The Tandem Duplicator Phenotype Is a Prevalent Genome-Wide Cancer Configuration Driven by Distinct Gene Mutations.

Francesca Menghi, The Jackson Laboratory
Floris P Barthel, The Jackson Laboratory
Vinod Yadav, The Jackson Laboratory
Ming Tang
Bo Ji, The Jackson Laboratory
Zhonghui Tang, The Jackson Laboratory
Gregory W. Carter, The Jackson Laboratory
Yijun Ruan, The Jackson Laboratory
Ralph Scully
Roel G W Verhaak, The Jackson Laboratory
Jos Jonkers
Edison T Liu, The Jackson Laboratory

WGS library preparation, sequencing and analysis were performed by JAX Cancer Center Shared Resources (Genomic Technology and the Computational Sciences) at The Jackson Laboratory.

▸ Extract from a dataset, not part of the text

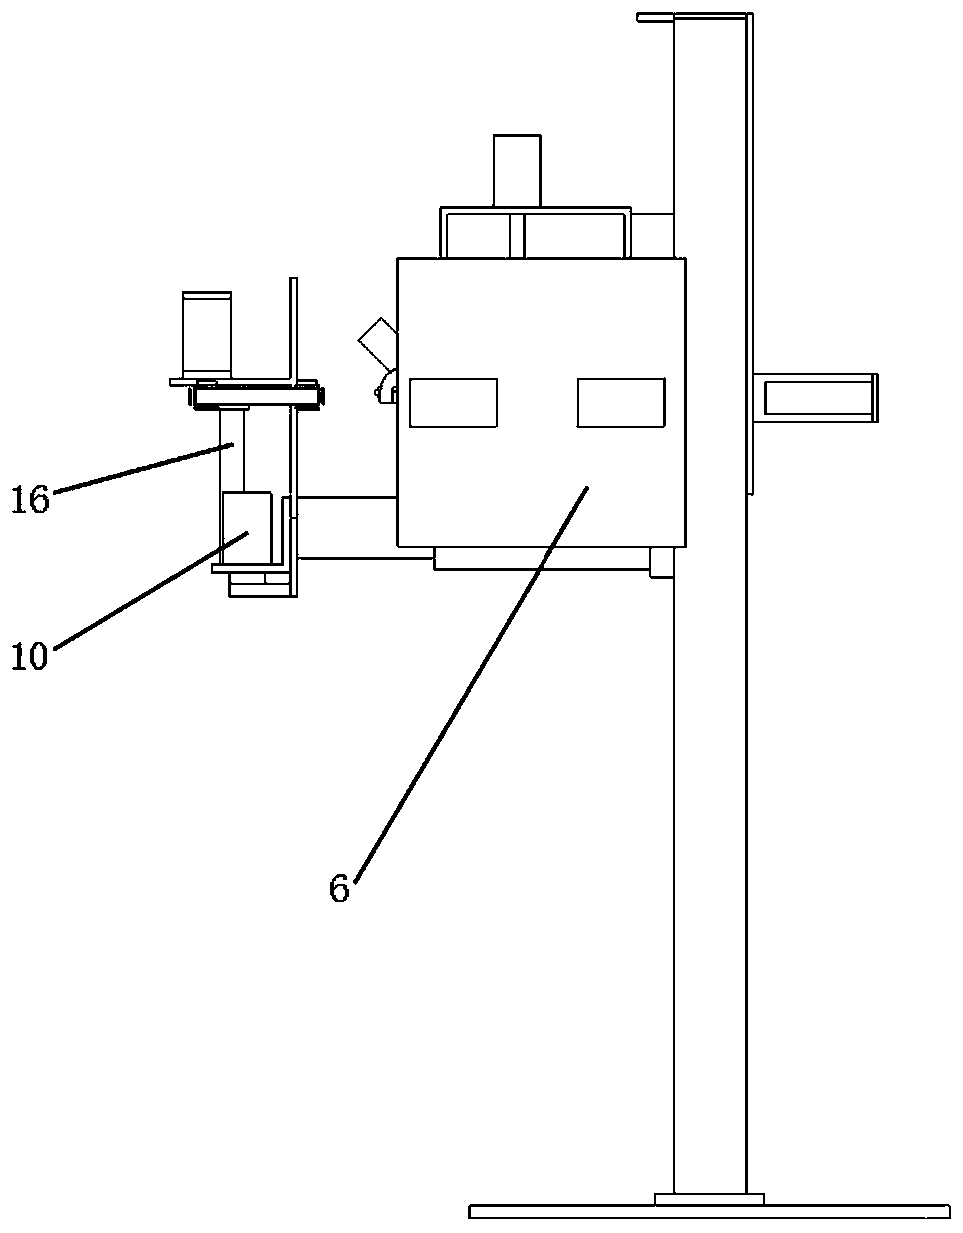 Reeled yarn automatic stock splitting, line binding and knotting device

The tandem duplicator phenotype (TDP) is a genome-wide instability configuration primarily observed in breast, ovarian, and endometrial carcinomas. Here, we stratify TDP tumors by classifying their tandem duplications (TDs) into three span intervals, with modal values of 11 kb, 231 kb, and 1.7 Mb, respectively. TDPs with ∼11 kb TDs feature loss of TP53 and BRCA1. TDPs with ∼231 kb and ∼1.7 Mb TDs associate with CCNE1 pathway activation and CDK12 disruptions, respectively. We demonstrate that p53 and BRCA1 conjoint abrogation drives TDP induction by generating short-span TDP mammary tumors in genetically modified mice lacking them. Lastly, we show how TDs in TDP tumors disrupt heterogeneous combinations of tumor suppressors and chromatin topologically associating domains while duplicating oncogenes and super-enhancers.